Его выражение было рассчитано комичным, и мы оба расхохотались. Я сказал ему, что меня еще более испугало то, что он сейчас сказал.
— Ты боишься меня? — спросил он. — Не тебя, но того, что ты представляешь. — Я представляю собой свободу воина. Ты этого боишься?
— Нет, но я боюсь устрашительности твоего знания. В нем нет для меня утешения. Нет гавани, куда бы приткнуться.
— Ты опять все путаешь. Утешение, гавань, страх — все это настроения, которым ты научился, даже не спрашивая об их ценности. Как видно, черные маги уже завладели всей твоей преданностью.
— Кто такие черные маги? — Окружающие нас люди являются черными магами. А поскольку ты с ними, то ты тоже черный маг. Подумай на секунду, можешь ли ты уклониться с той тропы, которую они для тебя проложили. Нет. Твои мысли и твои поступки навсегда зафиксированы в их терминологии. Это рабство. Я, с другой стороны, принес тебе свободу. Свобода дорога, но цена не невозможна. Поэтому бойся своих тюремщиков, своих мастеров. Не трать своего времени и своей силы, боясь меня.
Я знал, что он был прав, но все же несмотря на мое искреннее согласие с ним, я знал также, что привычки моей жизни обязательно заставят меня тянуться к моей старой тропе. Я действительно себя чувствовал рабом.
После долгого молчания дон Хуан спросил меня, достаточно ли у меня силы чтобы еще раз столкнуться со знанием.
— Ты хочешь сказать с бабочкой? — спросил я полушутя. Его тело согнулось от смеха. Казалось, что я только что сказал ему самую смешную шутку в мире. — Что ты в действительности имеешь в виду, когда говоришь, что знание — это бабочка? — спросил я. — Я ничего другого не имею в виду, — ответил он. — бабочка есть бабочка. Я думал, что к настоящему времени со всеми твоими достижениями у тебя будет достаточно силы, чтобы «видеть». Вместо этого ты мельком заметил человека.
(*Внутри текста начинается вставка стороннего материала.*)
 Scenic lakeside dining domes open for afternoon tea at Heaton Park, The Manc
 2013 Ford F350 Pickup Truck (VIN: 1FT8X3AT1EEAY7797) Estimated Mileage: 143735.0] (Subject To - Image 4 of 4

А это не было истинным «видением».
С самого начала моего ученичества дон Хуан ввел концепцию «видения», как особой способности, которую можно развить, и которая позволит воспринимать «истинную» природу вещей.
За несколько лет нашей связи у меня развилось мнение, что то, что он имеет в виду под «видением», является интуитивным восприятием вещей, или же способностью понимать что-то сразу, или, возможно, способностью насквозь видеть человеческие поступки и раскрывать скрытые значения и мотивы.
— Я могу сказать, что сегодня вечером, когда ты встретился с бабочкой, ты наполовину смотрел, наполовину видел, — продолжал дон Хуан.
— в этом состоянии, хотя ты и не был полностью самим собой, как обычно,ты, тем не менее, смог находиться в полном сознании, чтобы управлять своим знанием мира.
Дон Хуан остановился и взглянул на меня. Сначала я не знал, что сказать.
— Как я управлял своим знанием мира? — спросил я. — Твое знание мира сказало тебе, что в кустах можно найти только подкрадывающихся животных или людей, прячущихся за листвой. Ты удержал эту мысль и естественно тебе пришлось найти способ сделать мир таким, чтобы он отвечал этой мысли.